Women in Translation Month was launched in 2014 with the aspirational goal of helping to balance this out. A social media campaign to start (employing the #WITMonth hashtag to draw attention to particular works and encourage everyone to read at least one book by a woman in translation during the month of August) the project has expanded over the past decade to include: promotions and sales by publishers; a year in which And Other Stories published only women writers; the Warwick Prize for Women in Translation; and a significant increase in media attention.
And, not to bury the lead too much, it has greatly impacted the make-up of literature in translation to the point where that 46% gap referenced above has almost completely dissipated.

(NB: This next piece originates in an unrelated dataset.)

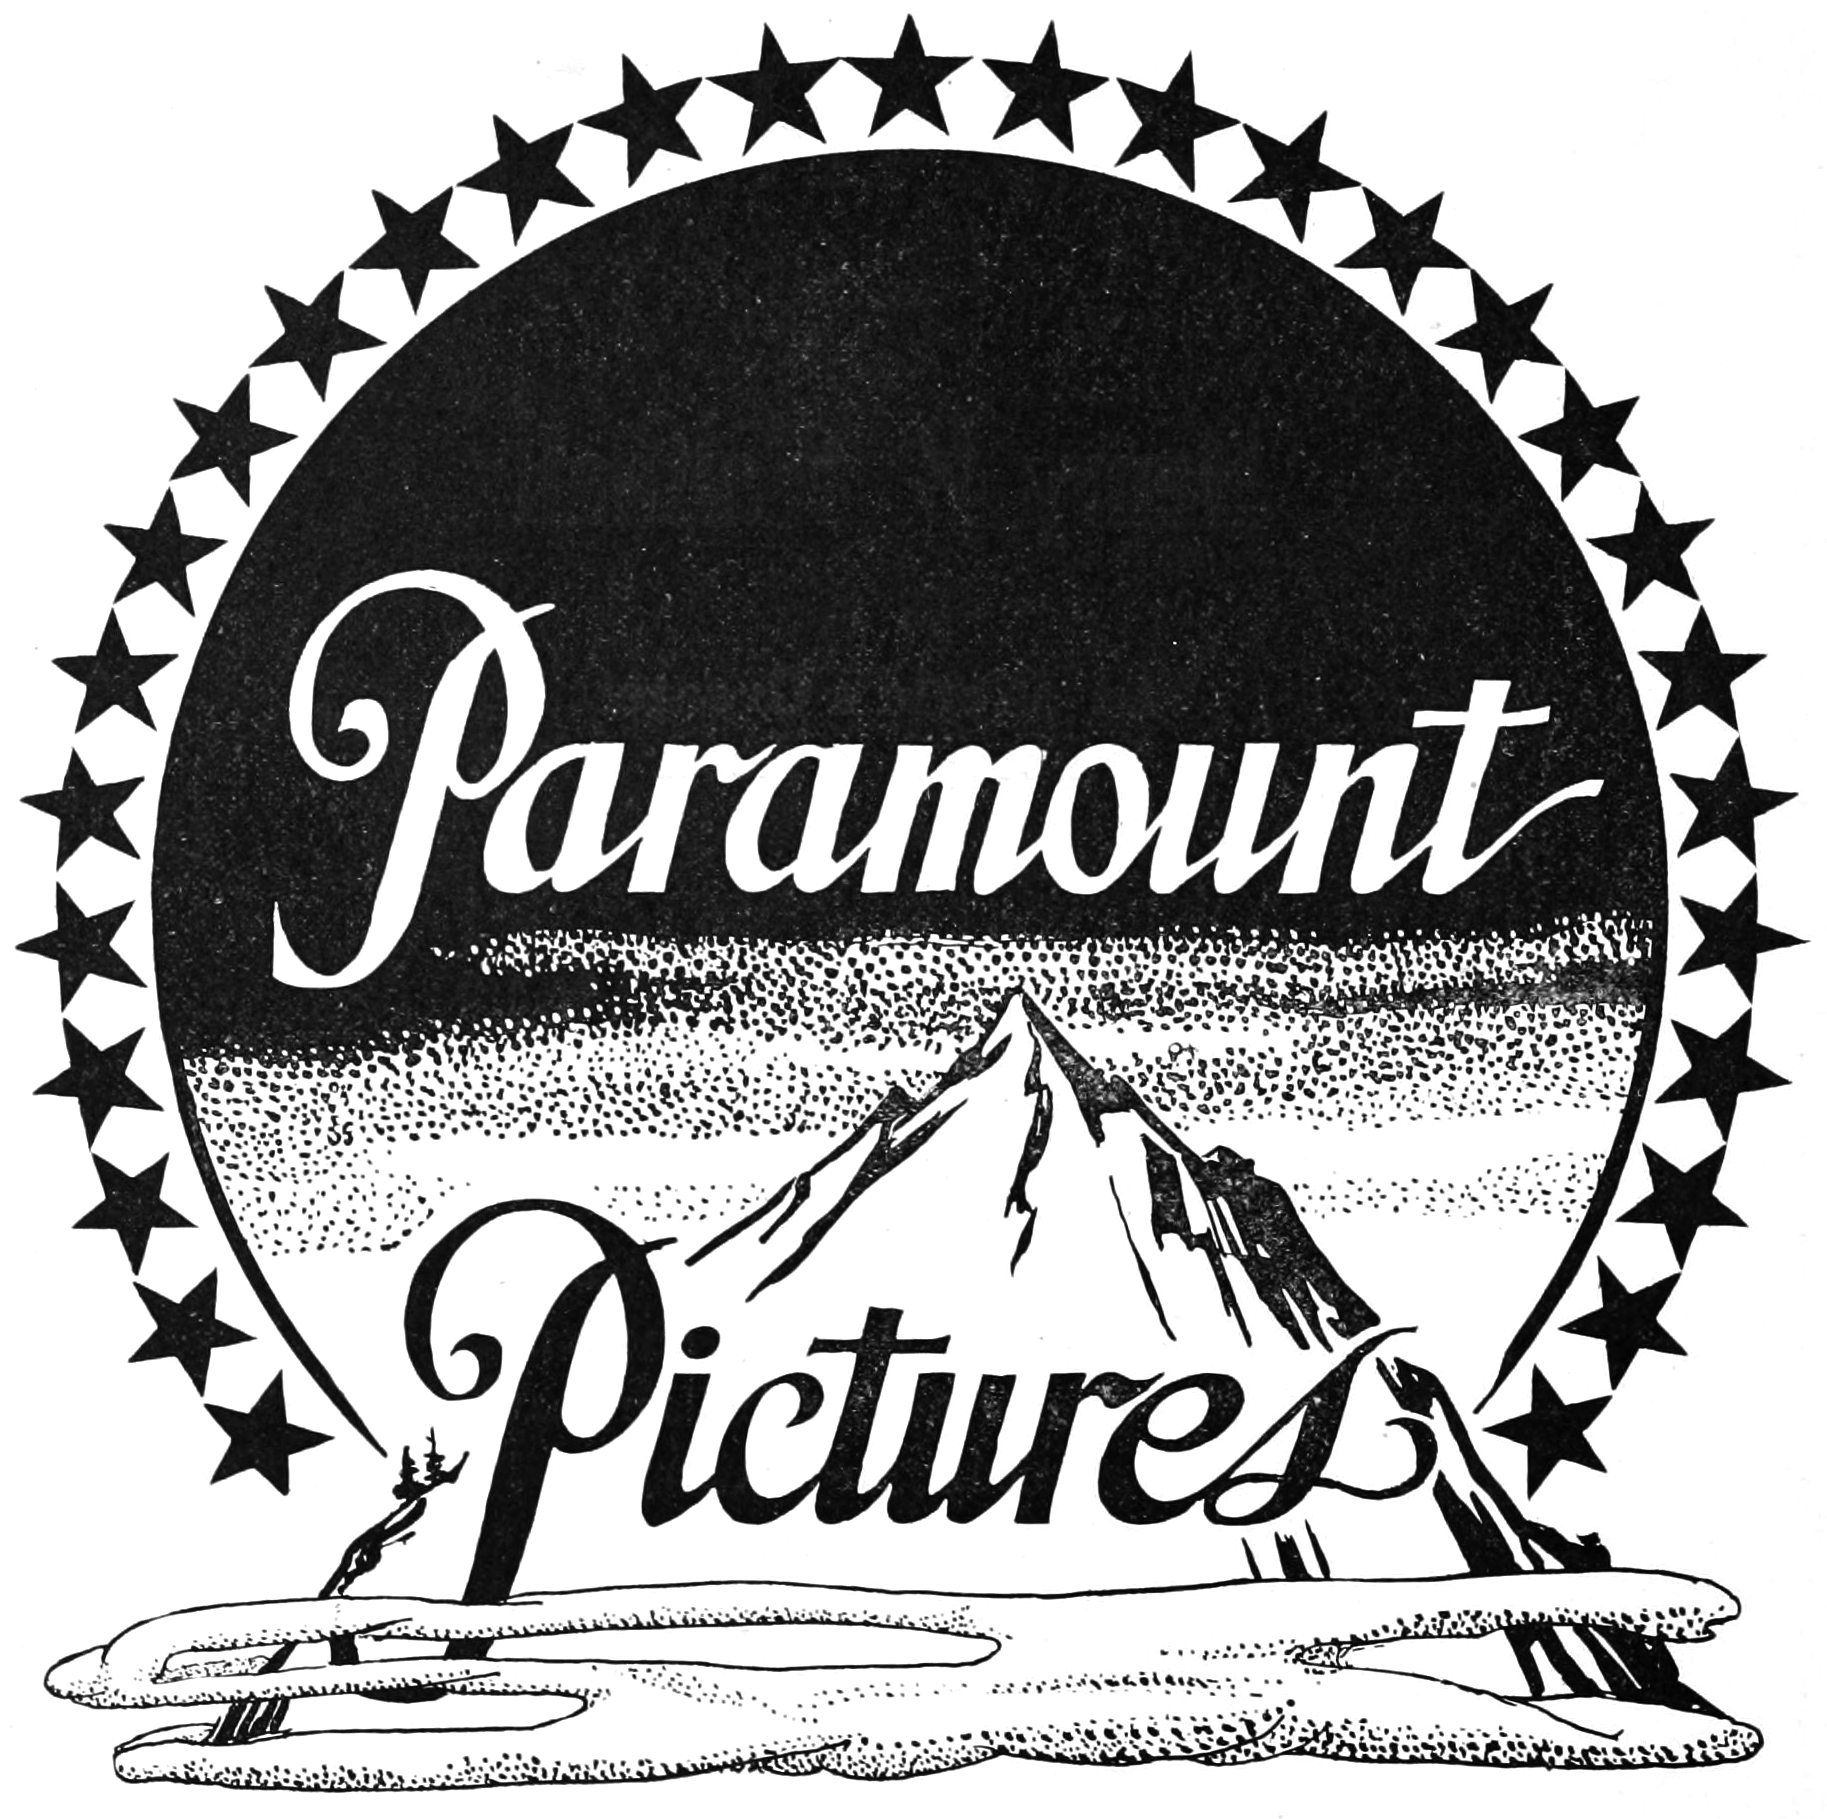 Paramount pictures. Парамаунт Пикчерз. Paramount логотип. Киностудия Paramount. Парамаунт Пикчерз логотип.

The most illuminating way to observe this impact is by looking at rolling three-year averages of the percentage of books by men in translation versus those by women. (In brief, the three-year average totals the number of books published in the current year and the two previous, thus smoothing out any large anomalies.) As can be seen in the chart on the opposite page, the percentage of works of fiction by women in translation has steadily increased since 2008—the year the Translation Database was launched—starting at only 24% in 2008-2010, hitting 31% in 2014-2016, 40% in 2019-2021, and currently stands at 47% for 2022-2024 (for which data is, obviously, incomplete).

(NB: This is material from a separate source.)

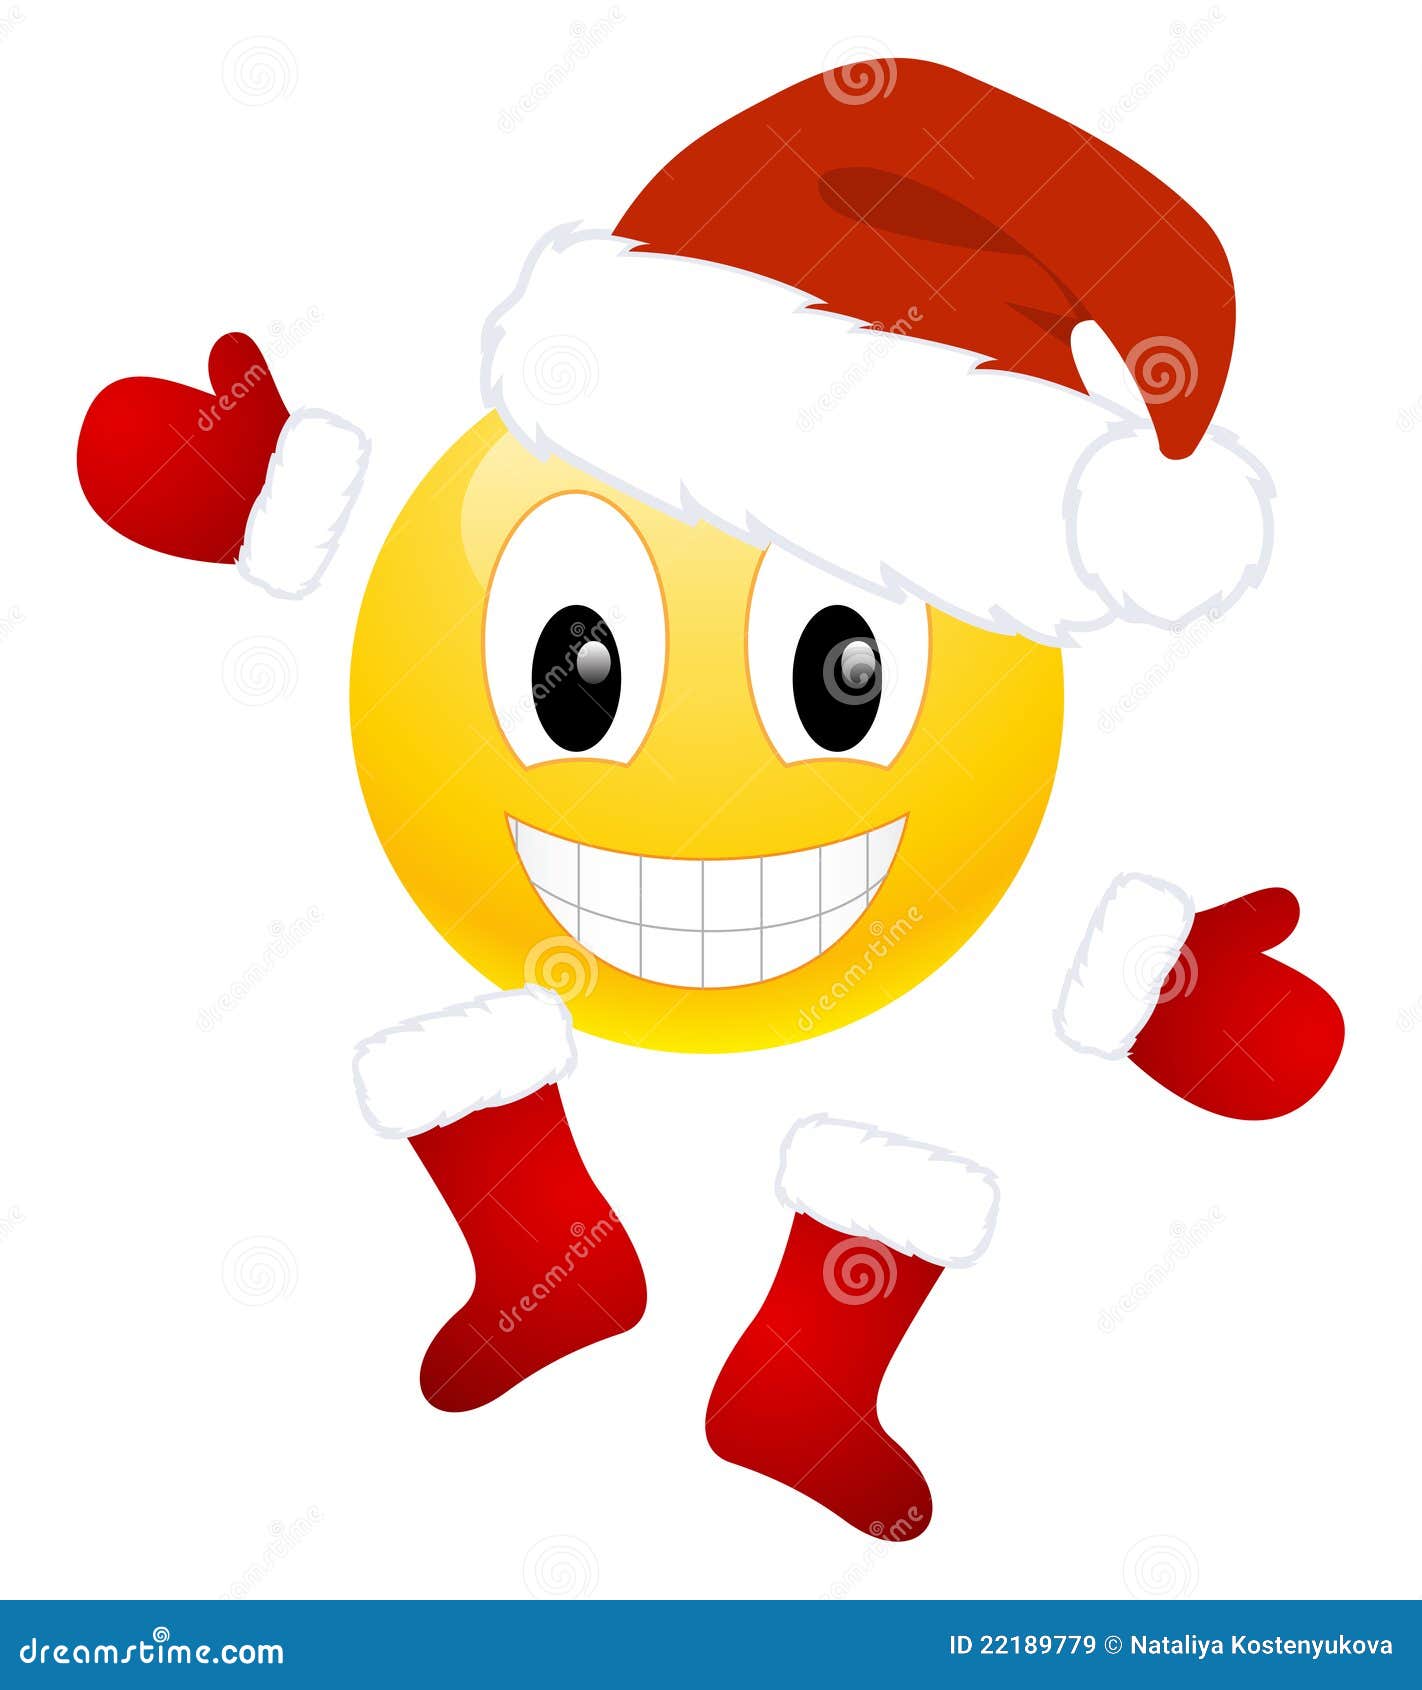 Emoticon Di Natale.Emoticon Di Natale Illustrazione Vettoriale Illustrazione Di Claus 22189779

Encouraging, but room for improvement
This is quite encouraging, and backs up the sheer volume of tweets, Instagram posts, TikToks, podcast episodes, and traditional articles written throughout August in honor of Women in Translation Month.
There is room for improvement though. If you look at the breakdown for the 20 presses who have published the most fiction translations since 2014, women make up only 38% of the total. There are some notable exceptions, including World Editions (63% of their titles since 2014 have been from women writers), Amazon Crossing (60%), Deep Vellum (51%), Orenda (49%), and Open Letter, Europa Editions, Two Lines, and Other Press (all at 42%). But the remaining 13 presses on this list are all below the industry average.
Nevertheless, there’s never been a better time (since 2008 at least) for discovering women in translation. And if agents, publishers, and editors remain open to female voices from around the world, this trend is sure to continue.